In subsequent analyses, we assessed whether maternal hospital contact due to infection or antimicrobial prescription during pregnancy (exposure, categorized as yes or no), maternal age at delivery, birth order, gestational age, birth weight (as continuous exposures), sex, and mode of delivery (as binary exposures) were associated with the neonatal concentrations of inflammatory markers (outcome, log-transformed) using linear regression models and multivariate analysis of variance to obtain joint test P values for each exposure. In these analyses, we adjusted for year of delivery, patient/control status, and day after birth of neonatal blood spot sampling and excluded n = 34 children with unknown sampling date. Model assumptions were assessed by diagnostic residual plots.
Among controls, we tested whether the neonatal concentrations of inflammatory markers were associated with risk of hospital contact due to infection or antimicrobial prescription before age 2 years. For the latter, we included only children born from July 1, 1996 when prescriptions redeemed to children in Denmark were recorded using the child’s personal identification number (n = 153). We used the Andersen-Gill model for recurrent events (24), that is, whenever a child was at risk, the hazard rate was not dependent on the number of previously recorded outcomes.
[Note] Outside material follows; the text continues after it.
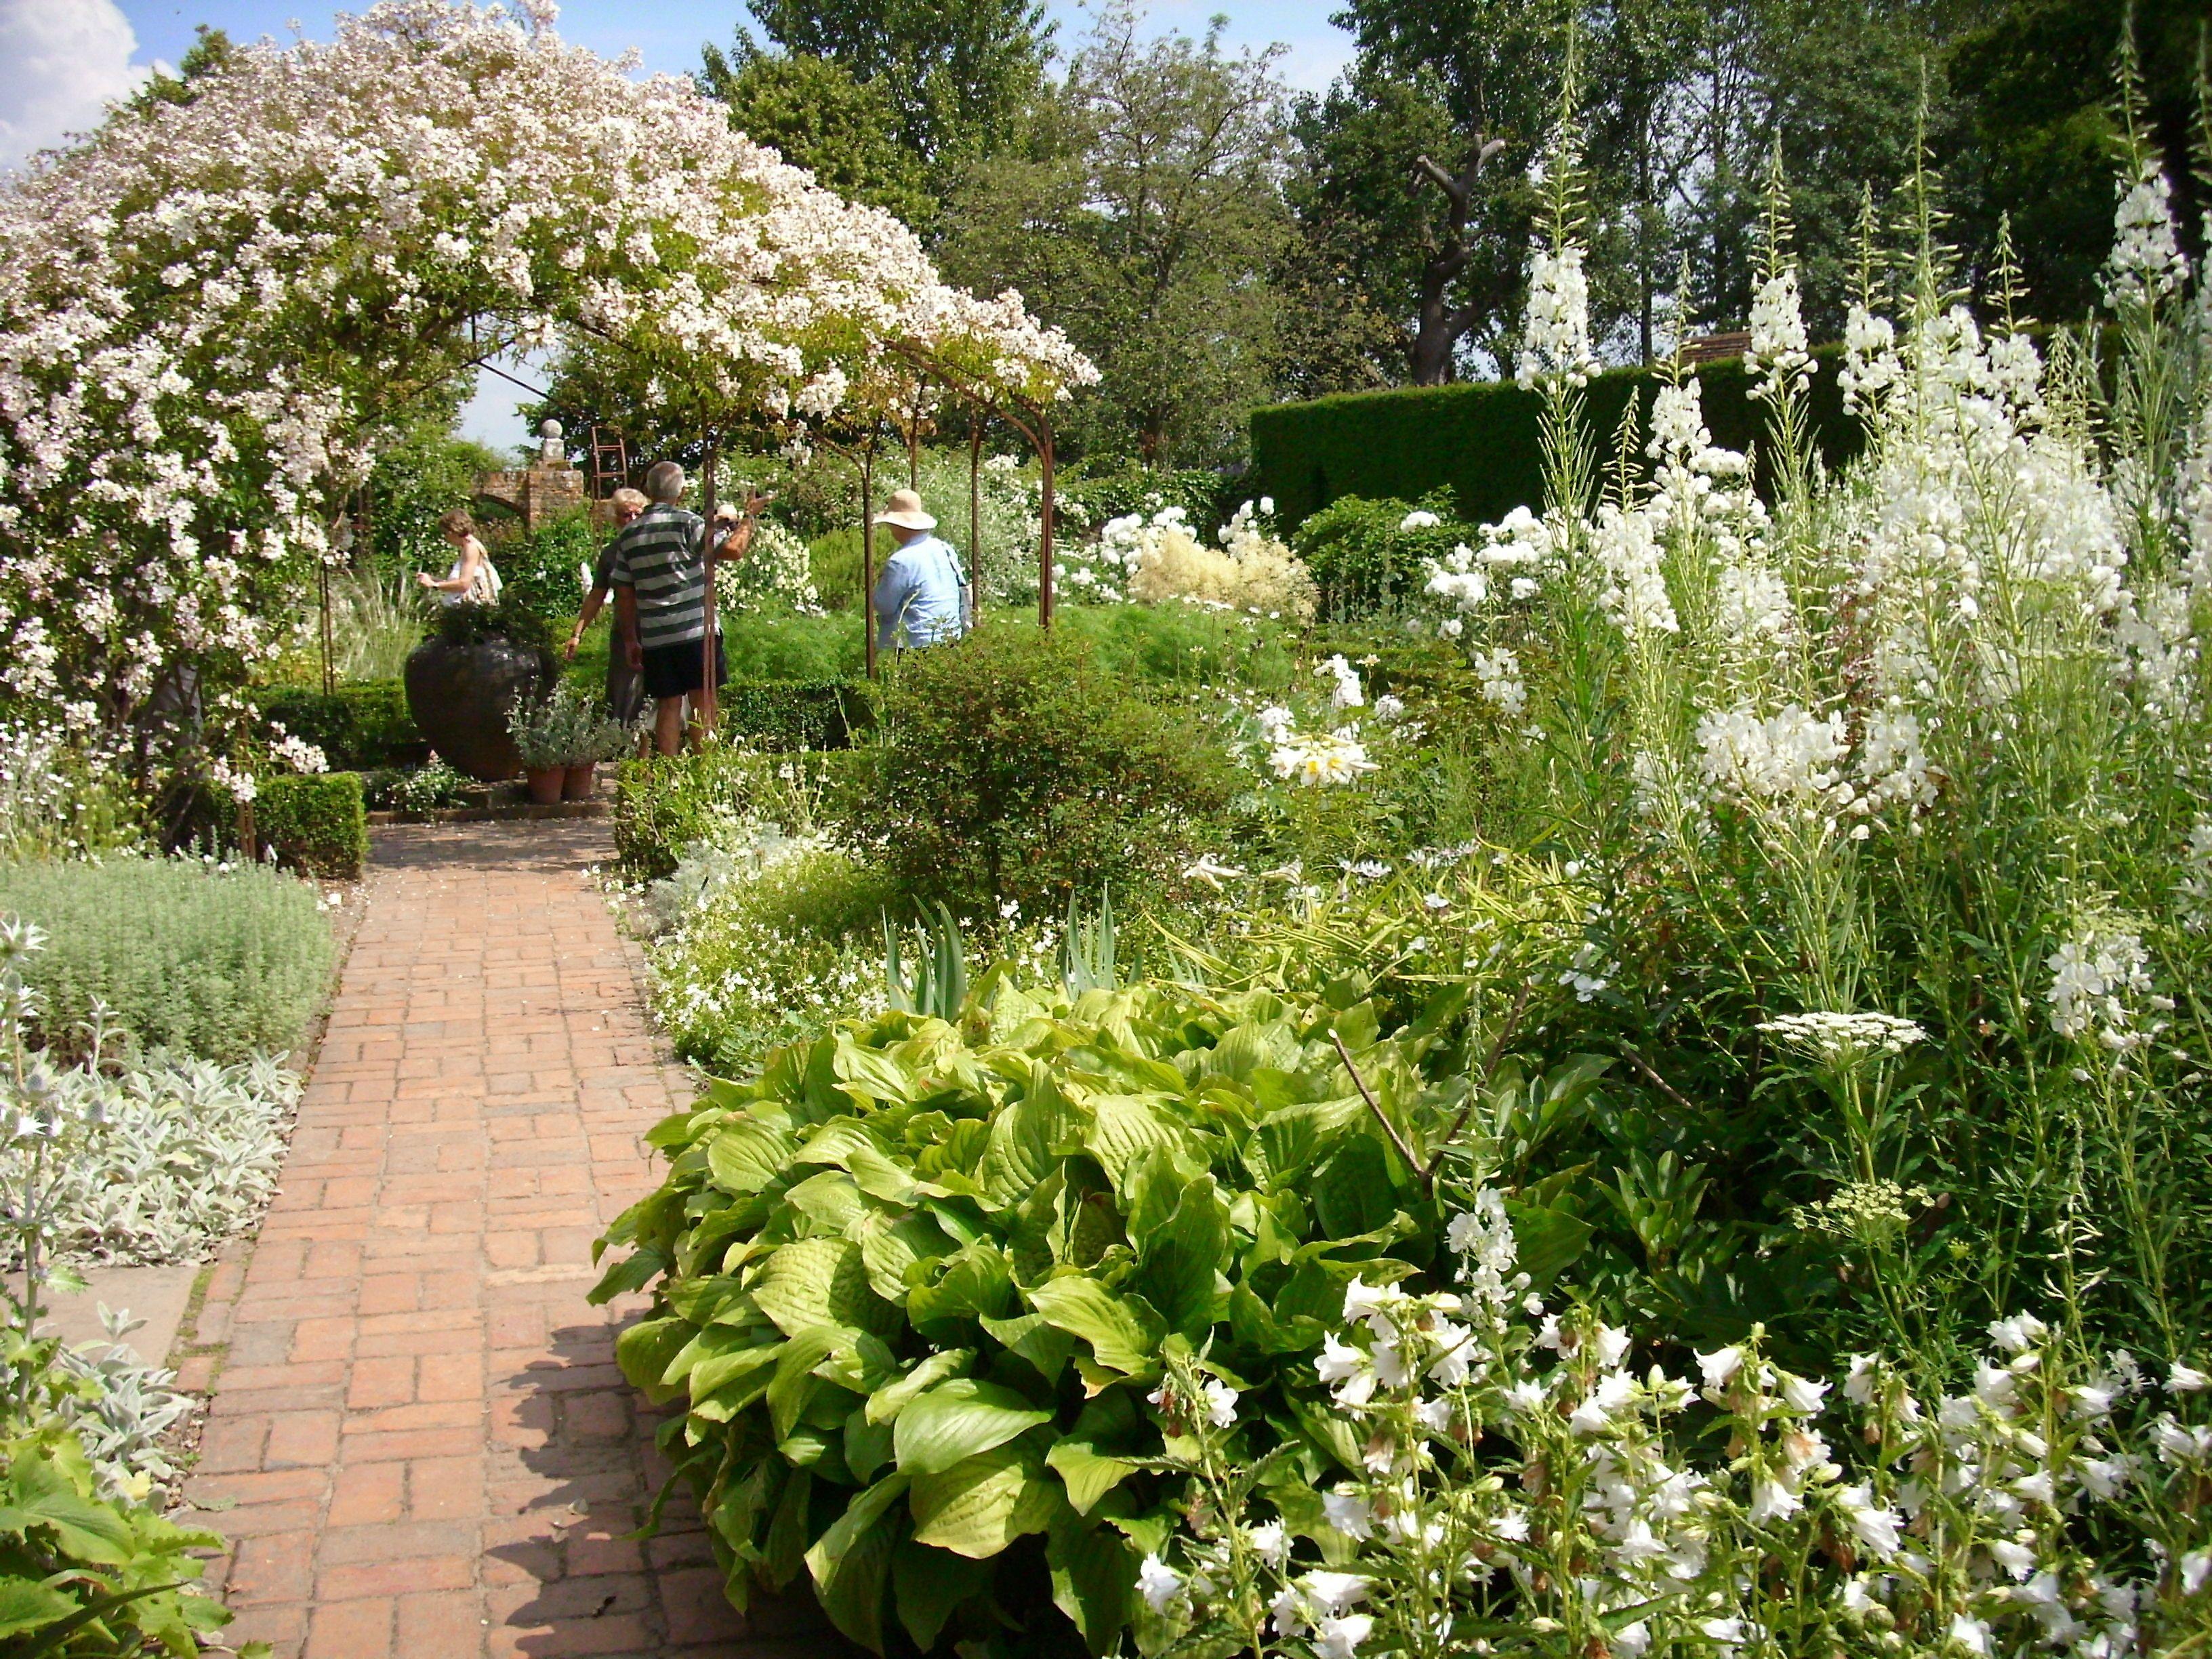 Weißer Garten sissinghurst weißer garten beim dritten besuch endlich wirklich

To model the hazard rate, we used Cox proportional hazards models with age as the underlying time scale. Children were followed from date of blood spot sampling until death, emigration or age 2 years, whichever occurred first. Children with unknown date of sampling were excluded (n = 10). We counted each hospital contact due to infection or redeemed antimicrobial prescription before age 2 years as an infectious disease episode. However, children were not considered at risk of a new infection the first 14 days following a previous hospital contact or antimicrobial treatment period defined as the date of antimicrobial redemption + standard treatment length for the antimicrobial in question (Supplementary Table S2). Hazard ratios (HR) were adjusted for maternal age at delivery, birth weight, and gestational age using linear terms. Furthermore, we stratified the baseline hazard on sex, birth order (1, 2, or ≥3), and mode of delivery. The proportional hazards assumption was assessed by graphical evaluation of the Martingale residuals.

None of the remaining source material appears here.